A rare sighting of five new hatchling tuatara emerging at Orokonui Ecosantuary has been caught on camera by University of Otago researchers who were undertaking a routine inspection of the nest at the time.
The first indication that hatching was underway was detected by Zoology research assistant Jade Christiansen, who was carefully excavating the gravel to retrieve a small piece of temperature recording equipment.
“I heard a small squeak, and suddenly a tiny hatchling about nine centimetres long scrambled out of the gravel,” Jade says.
“It was definitely a surprise but the best kind of surprise that we could have hoped for.”
One after another, with some even wriggling from their eggshells, five hatchling tuatara emerged from the nest over a period of approximately an hour.
“It was a wonderful surprise to witness evidence of new tuatara life at the ecosanctuary,” says Department of Zoology Professor Alison Cree who leads the research group and was with Jade at the time of hatching.
This is Jade’s second experience with tuatara hatchlings, following her sighting last year of Orokonui Ecosanctuary’s first known hatchlings while working on a Te Ngaru Paewhenua: Māori and Pacific Science Summer Studentship at the University.
However Professor Cree explains this is the first time that the hatching event itself has been observed at the sanctuary.
“In fact, it’s very rare to see this happening anywhere in the wild,” Professor Cree says.
“Although hatching has been observed and filmed in captivity when eggs are placed in incubators in special media, it’s much more cryptic in the natural environment. It’s hard to know where the nests are in the ground, as well as when they will hatch.”
Tuatara were first released at Orokonui Ecosanctuary in late 2012 with the support of kaitiaki iwi Ngāti Koata from Nelson and mana whenua Kāti Huirapa Rūnaka ki Puketeraki from Karitane.
Orokonui Ecosanctuary Conservation manager Elton Smith says finding these new tuatara hatchlings is incredibly exciting for the ecosanctuary team.
“Knowing that the ecosanctuary is now home to five new tuatara is a just reward for all the hard work we put into keeping our sanctuary and its wildlife safe,” Mr Smith says.
Tuatara are unusual, lizard-like reptiles unique to Aotearoa New Zealand and widely regarded as a taonga (treasured species). Orokonui is notable in being the southernmost wild population, and the only known wild population on Te Waipounamu South Island. About a 100 tuatara have been released in total, with monitoring happening on a regular basis.
Soil temperature is known to have a large influence on the time of hatching, as well as on the sex of offspring. Females attend the nests for at most a week or two after laying, then leave their clutch of up to 18 eggs buried from view in the soil.

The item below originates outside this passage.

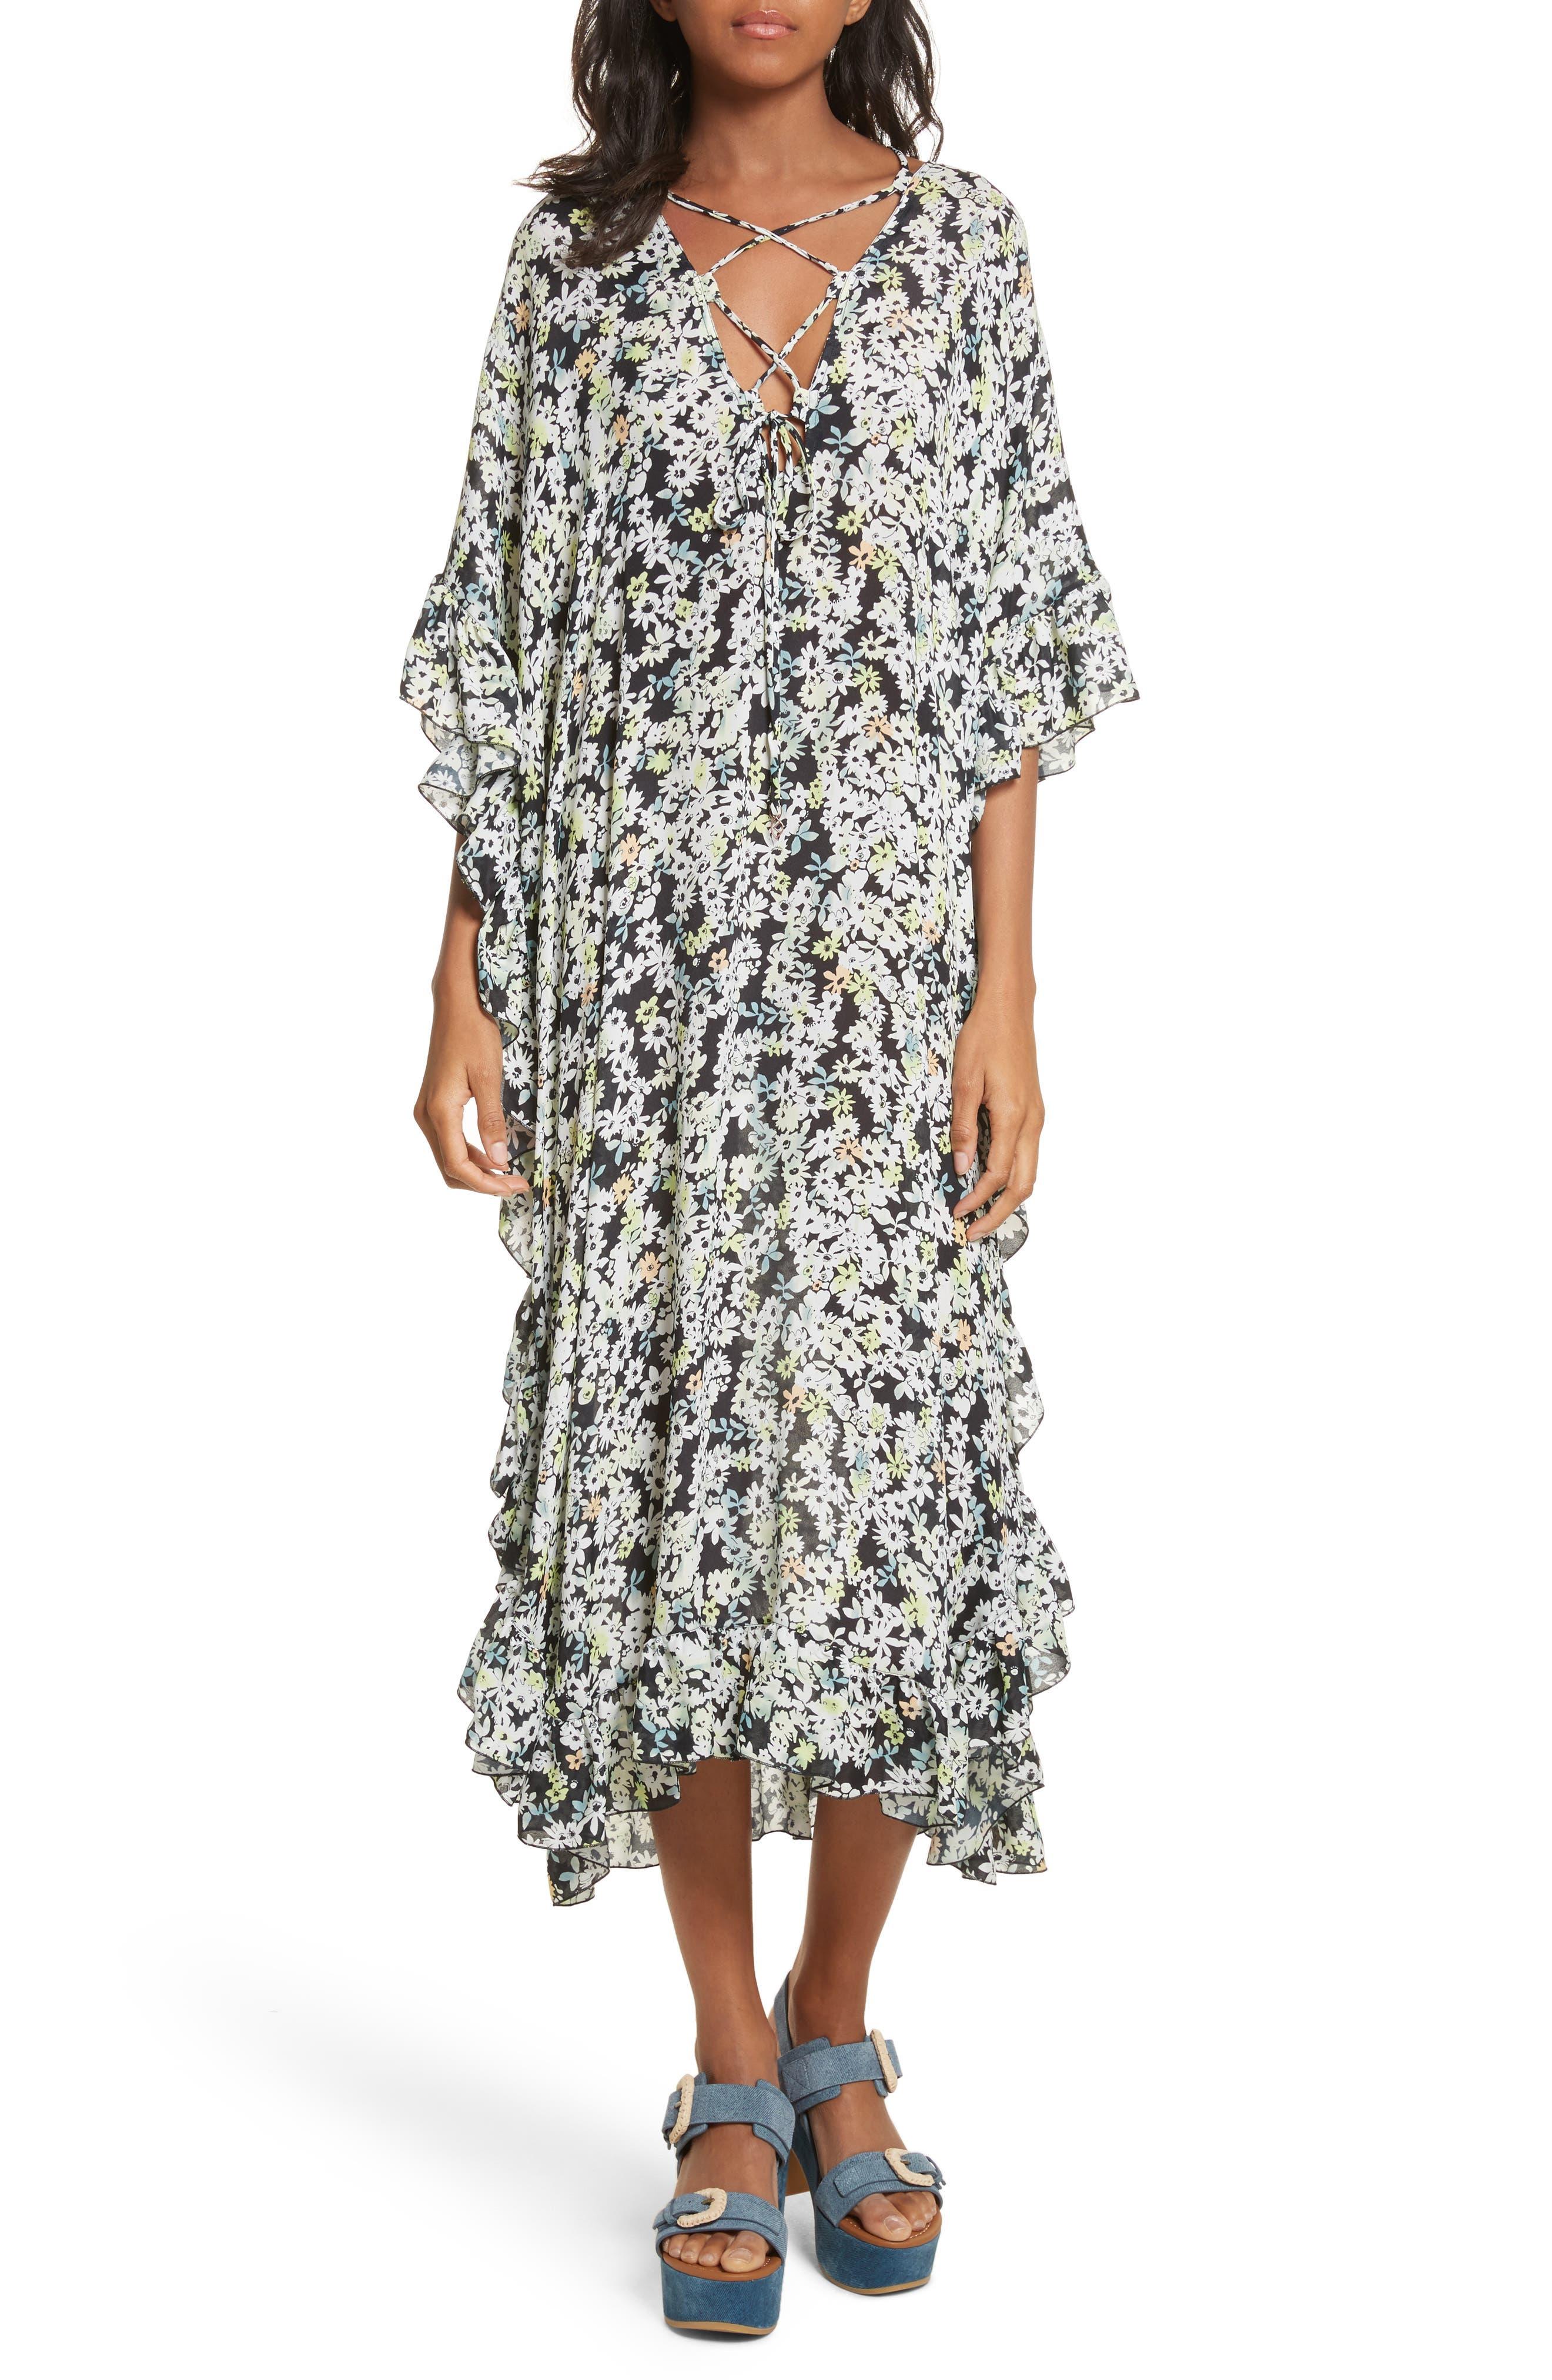 SEE BY CHLOÉ Floral Print Flutter Edge Dress, Main, color, 021

Many egg-laying reptiles hatch in a warm and restricted part of the year, however tuatara seem more flexible. On Takapourewa (Stephens Island), the best studied population, hatching from different nests is possible over a period of several months from spring until autumn.
Incubation times range from about a year upwards, and researchers think this flexibility could have assisted the species’ survival during past glaciations when conditions in the South Island were several degrees colder.
The five new hatchlings at Orokonui were carefully released under the protection of small sheets of roofing material, and for some years will probably remain well concealed to avoid desiccation or being eaten by larger creatures.
Researchers do not expect to see the new hatchlings again for a decade or more, by which time they may be approaching adult size.